-- Exercise brief --
Your task is to repeat all of the data exactly while excluding the pictures.

Dataset section Block Start

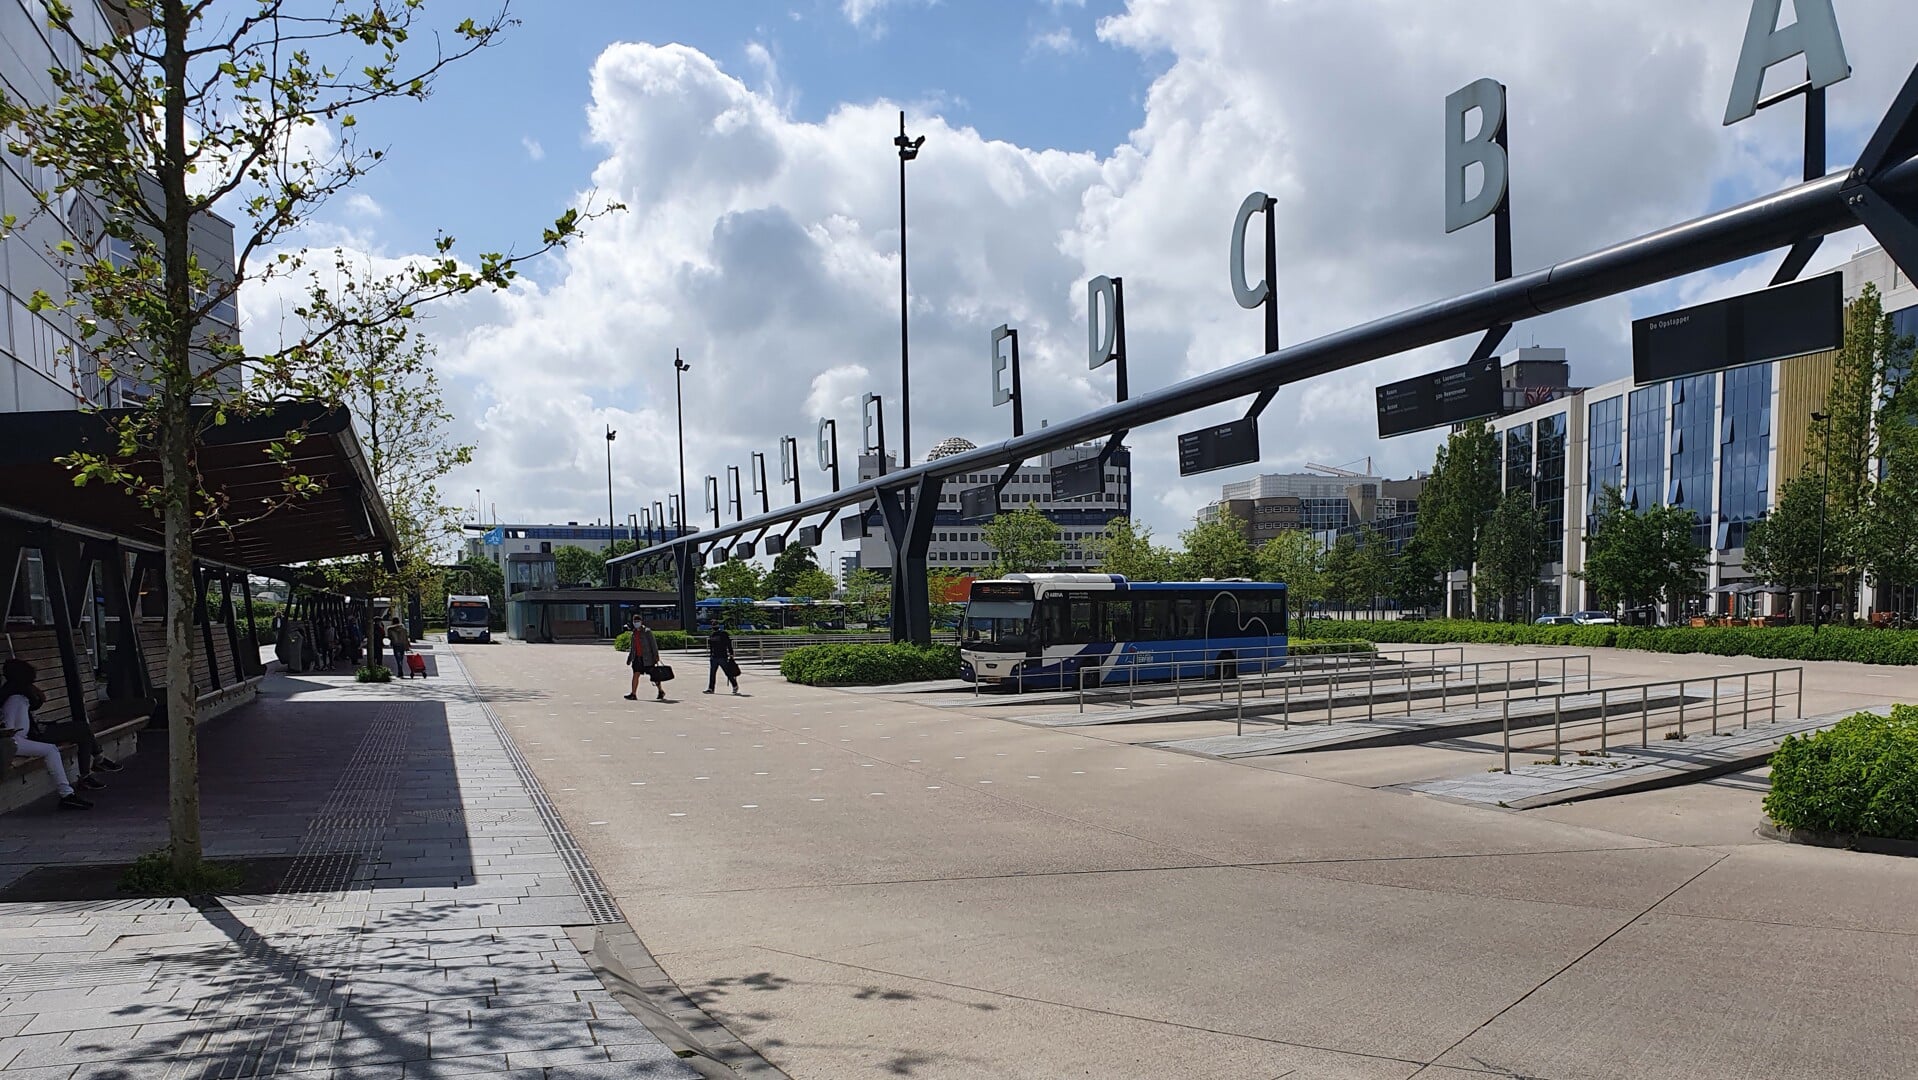 Steeds meer mensen positief over openbaar vervoer in Friesland
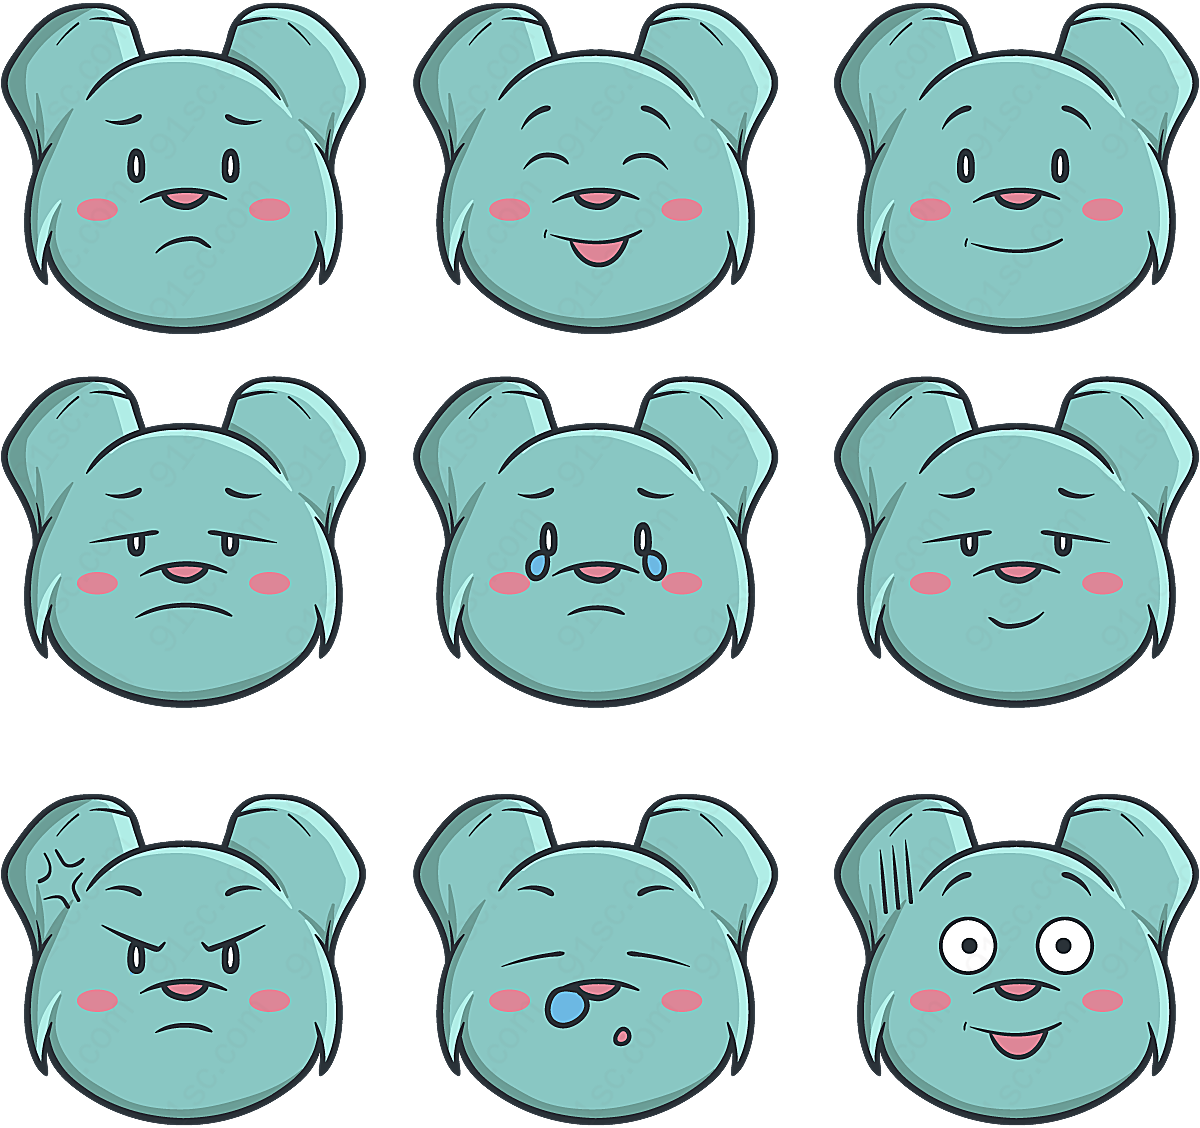 熊表情头像矢量矢量卡通动物
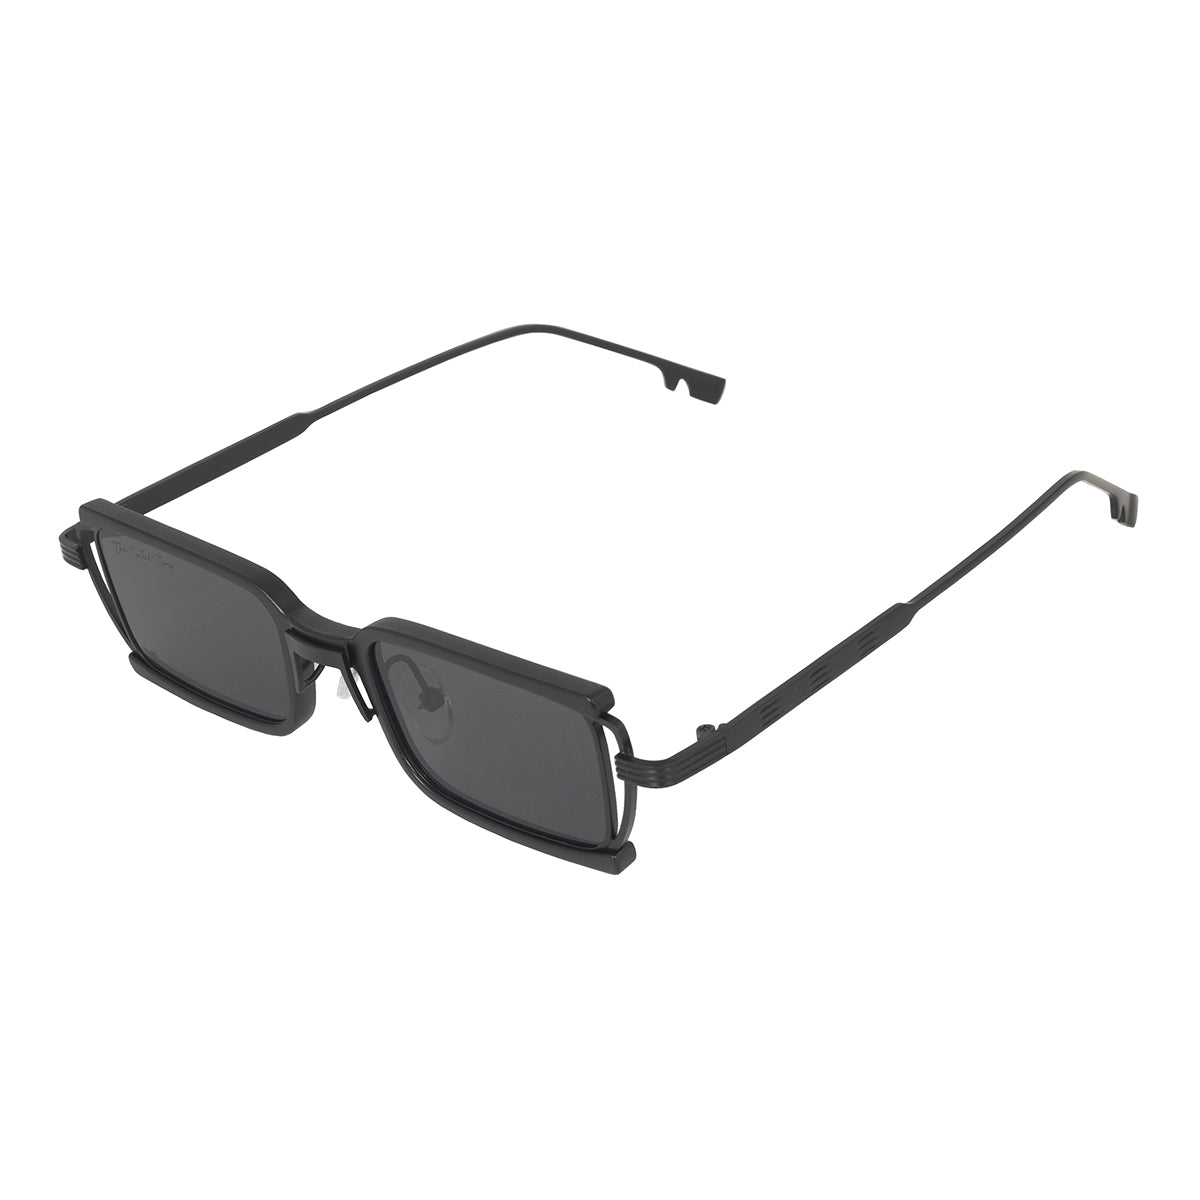 Merritt Street Sunglasses
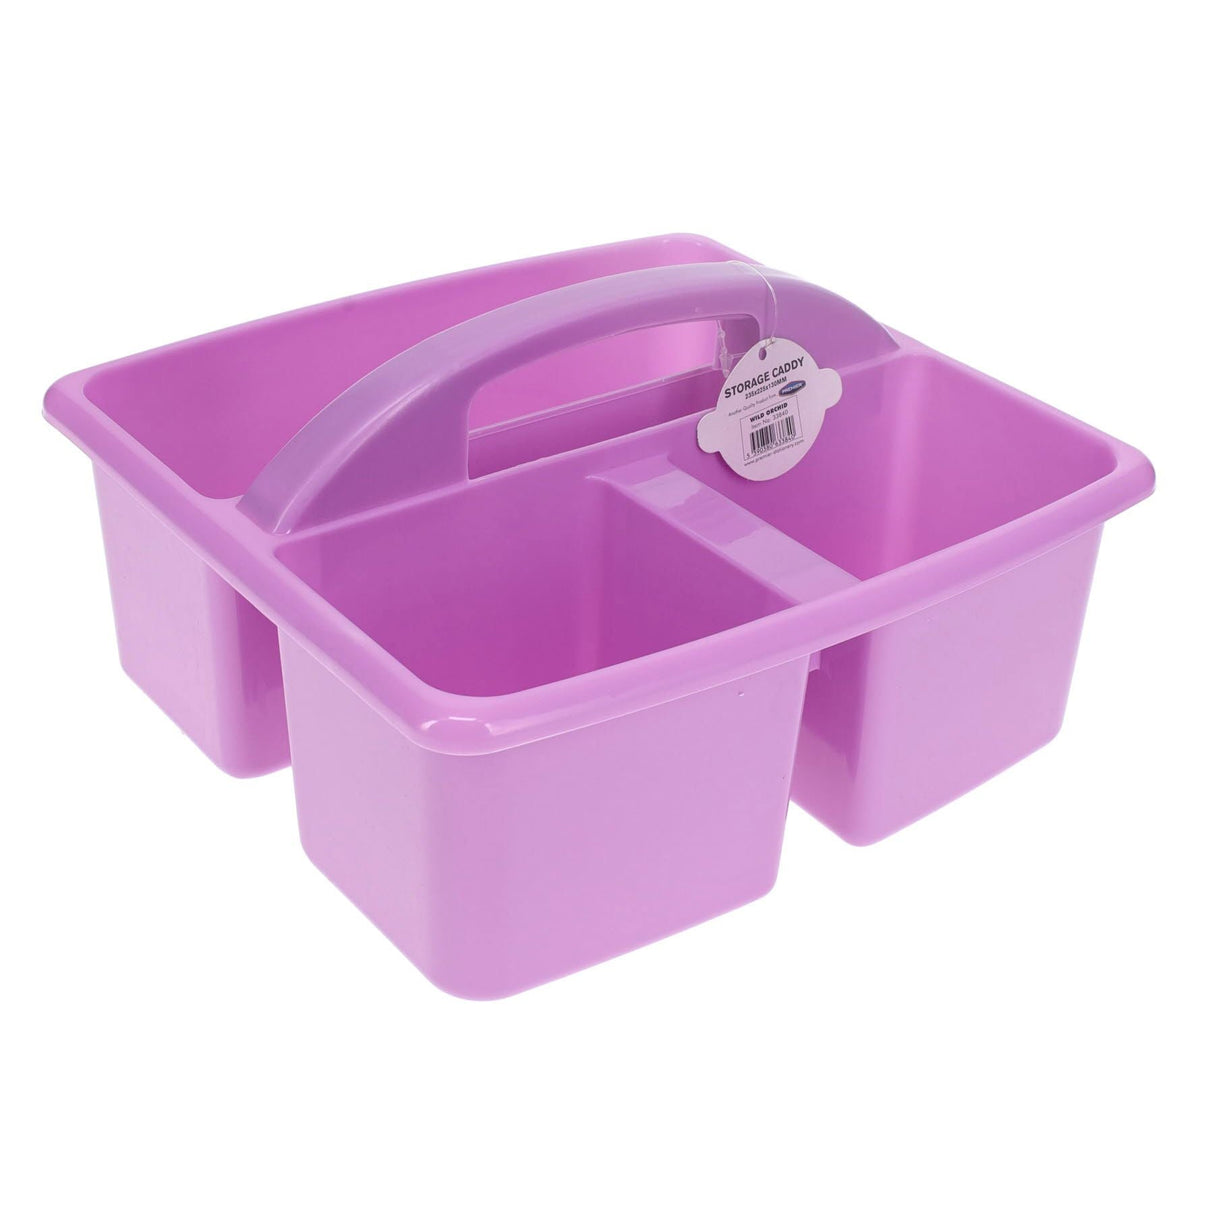 Premto Pastel Storage Caddy - 235x225x130mm - Wild Orchid Purple | Stationery Shop UK

Dataset section Block End

-- Exercise output --
 Steeds meer mensen positief over openbaar vervoer in Friesland
 熊表情头像矢量矢量卡通动物
 Merritt Street Sunglasses
 Premto Pastel Storage Caddy - 235x225x130mm - Wild Orchid Purple | Stationery Shop UK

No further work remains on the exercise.